Third, since two of the five Commissioners are always from the party out of power (currently, the Democrats), a nakedly political decision, by either the ALJ or the majority of the Commission in the case of an appeal, would likely be commented on by the dissenting Commissioners, elevating the issue to the market, policy makers, commentators, academicians and the defense bar.

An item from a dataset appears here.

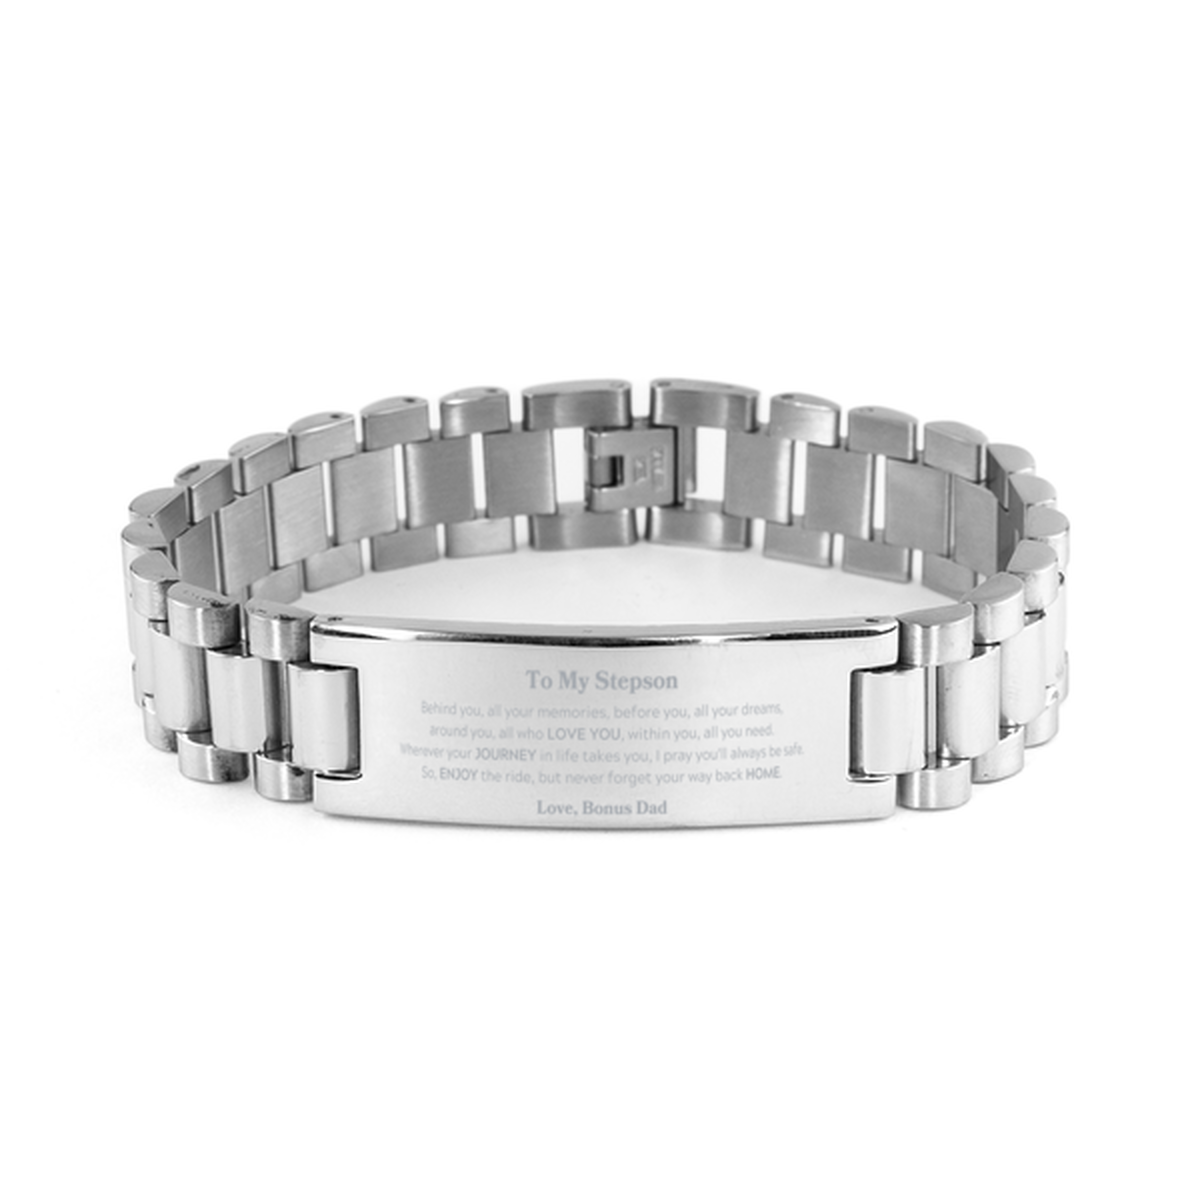 To My Stepson Graduation Gifts from Bonus Dad, Stepson Ladder Stainless Steel Bracelet Christmas Birthday Gifts for Stepson Behind you, all your memories, before you, all your dreams. Love, Bonus Dad

Fourth, where the internal appeals process fails, the aggrieved party can appeal to the appropriate Circuit Court of Appeals, where established precedent would likely put a check on any radical or outlier decision. By the time such a matter got to the Circuit Court, enough constituencies would have become aware of it that it would likely become a matter of concern and urgency, as occurred with the increasing number of challenges to ALJ appointments that led ultimately to Lucia . This would have the effect of putting a spotlight on the particular ALJ, not a place most administrative law judges are accustomed to being, or want to be, as it brings unwanted attention and political pressure to their agency and the persons who head it. Finally, there is the matter of personal reputation. Persons who serve as judicial officers, including ALJs, want to have their opinions respected and grounded in law. Issuing controversial decisions in a well-established area of law is not consistent with these goals, and would suggest someone with a desire to stand out, or to make a name for himself or herself. But, serving as a federal ALJ is just not the platform for launching that type of more ambitious career.
And, as the executive order notes, “ALJs must display appropriate temperament, legal acumen, impartiality and sound judgment.” As long as these attributes drive the appointment decision, the world should not tremble before this change.